Utilities

Overview

The fdfi.utils module provides helper functions and classes used across the FDFI package.

Input Validation

fdfi.utils.validate_input(X)[source]

Validate and convert input to numpy array.

Parameters:

X (array-like) – Input data to validate.

Returns:

Validated numpy array.

Return type:

numpy.ndarray

Raises:

ValueError – If input cannot be converted to a valid numpy array.

Data Sampling

fdfi.utils.sample_background(data, n_samples, random_state=None)[source]

Sample background data for explanations.

Parameters:
  • data (numpy.ndarray) – Full dataset to sample from.

  • n_samples (int) – Number of samples to draw.

  • random_state (int, optional) – Random seed for reproducibility.

Returns:

Sampled background data.

Return type:

numpy.ndarray

Feature Names

fdfi.utils.get_feature_names(data, feature_names=None)[source]

Get or generate feature names.

Parameters:
  • data (array-like) – Data to get feature names for.

  • feature_names (list, optional) – User-provided feature names.

Returns:

Feature names.

Return type:

list

Additivity Check

fdfi.utils.check_additivity(shap_values, predictions, base_value, tol=0.001)[source]

Check if SHAP values satisfy the additivity property.

The additivity property states that the sum of SHAP values plus the base value should equal the prediction.

Parameters:
  • shap_values (numpy.ndarray) – Feature importance values. Shape (n_samples, n_features).

  • predictions (numpy.ndarray) – Model predictions. Shape (n_samples,).

  • base_value (float) – Base value (expected output).

  • tol (float, default=1e-3) – Tolerance for checking equality.

Returns:

  • bool – Whether additivity is satisfied.

  • float – Maximum absolute difference.

Return type:

Tuple[bool, float]

This function verifies the SHAP additivity property:

\[\begin{split}f(x) = \\phi_0 + \\sum_{j=1}^{d} \\phi_j\end{split}\]
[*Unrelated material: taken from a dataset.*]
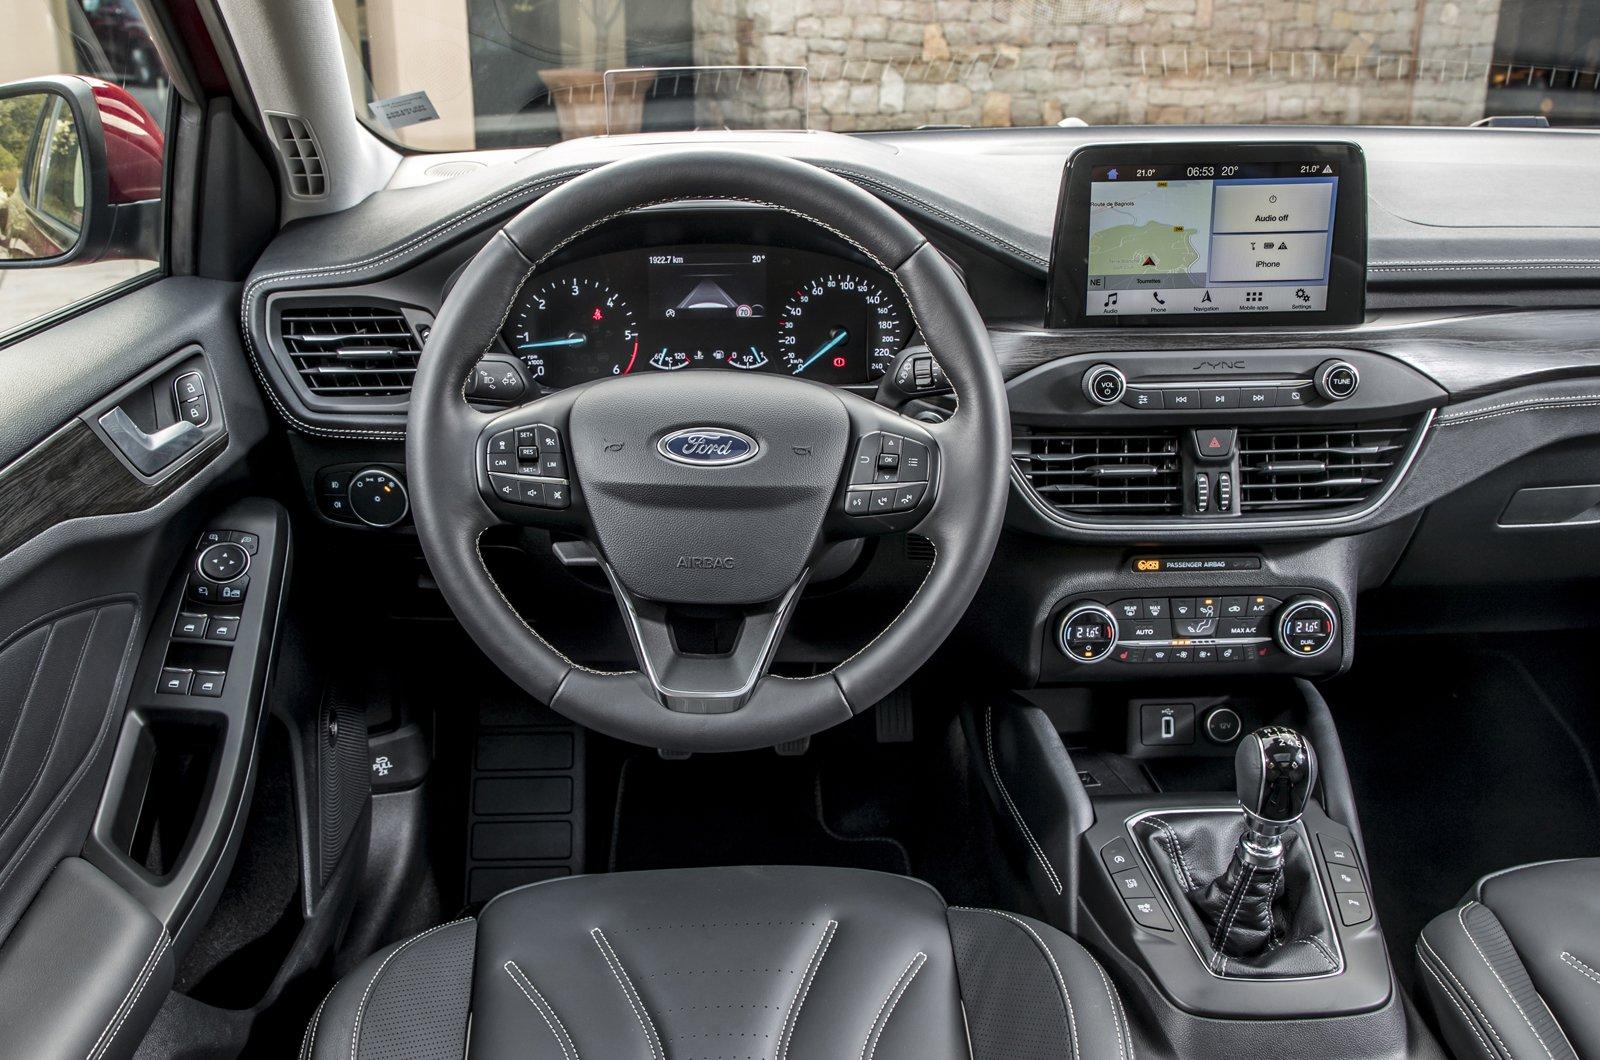 Ford Focus Estate dashboard

where \(\\phi_0\) is the base value and \(\\phi_j\) are the feature attributions.

Feature Type Detection

fdfi.utils.detect_feature_types(X, categorical_threshold=10, feature_types=None)[source]

Auto-detect feature types from data.

Returns a dict with:
  • ‘binary’, ‘categorical’, ‘continuous’ indices

  • ‘types’ array of labels per feature

  • ‘ranges’ array of ranges per feature (for normalization)

Parameters:
Return type:

dict

This function auto-detects whether features are binary, categorical, or continuous based on the data distribution.

Gower Distance

fdfi.utils.gower_cost_matrix(X, Z, feature_types, feature_ranges, feature_weights=None)[source]

Compute Gower distance matrix for mixed-type data.

Parameters:
Return type:

ndarray

Computes the Gower distance matrix for mixed-type data (continuous, binary, and categorical features). Used by EOTExplainer when cost_metric="gower" or cost_metric="auto".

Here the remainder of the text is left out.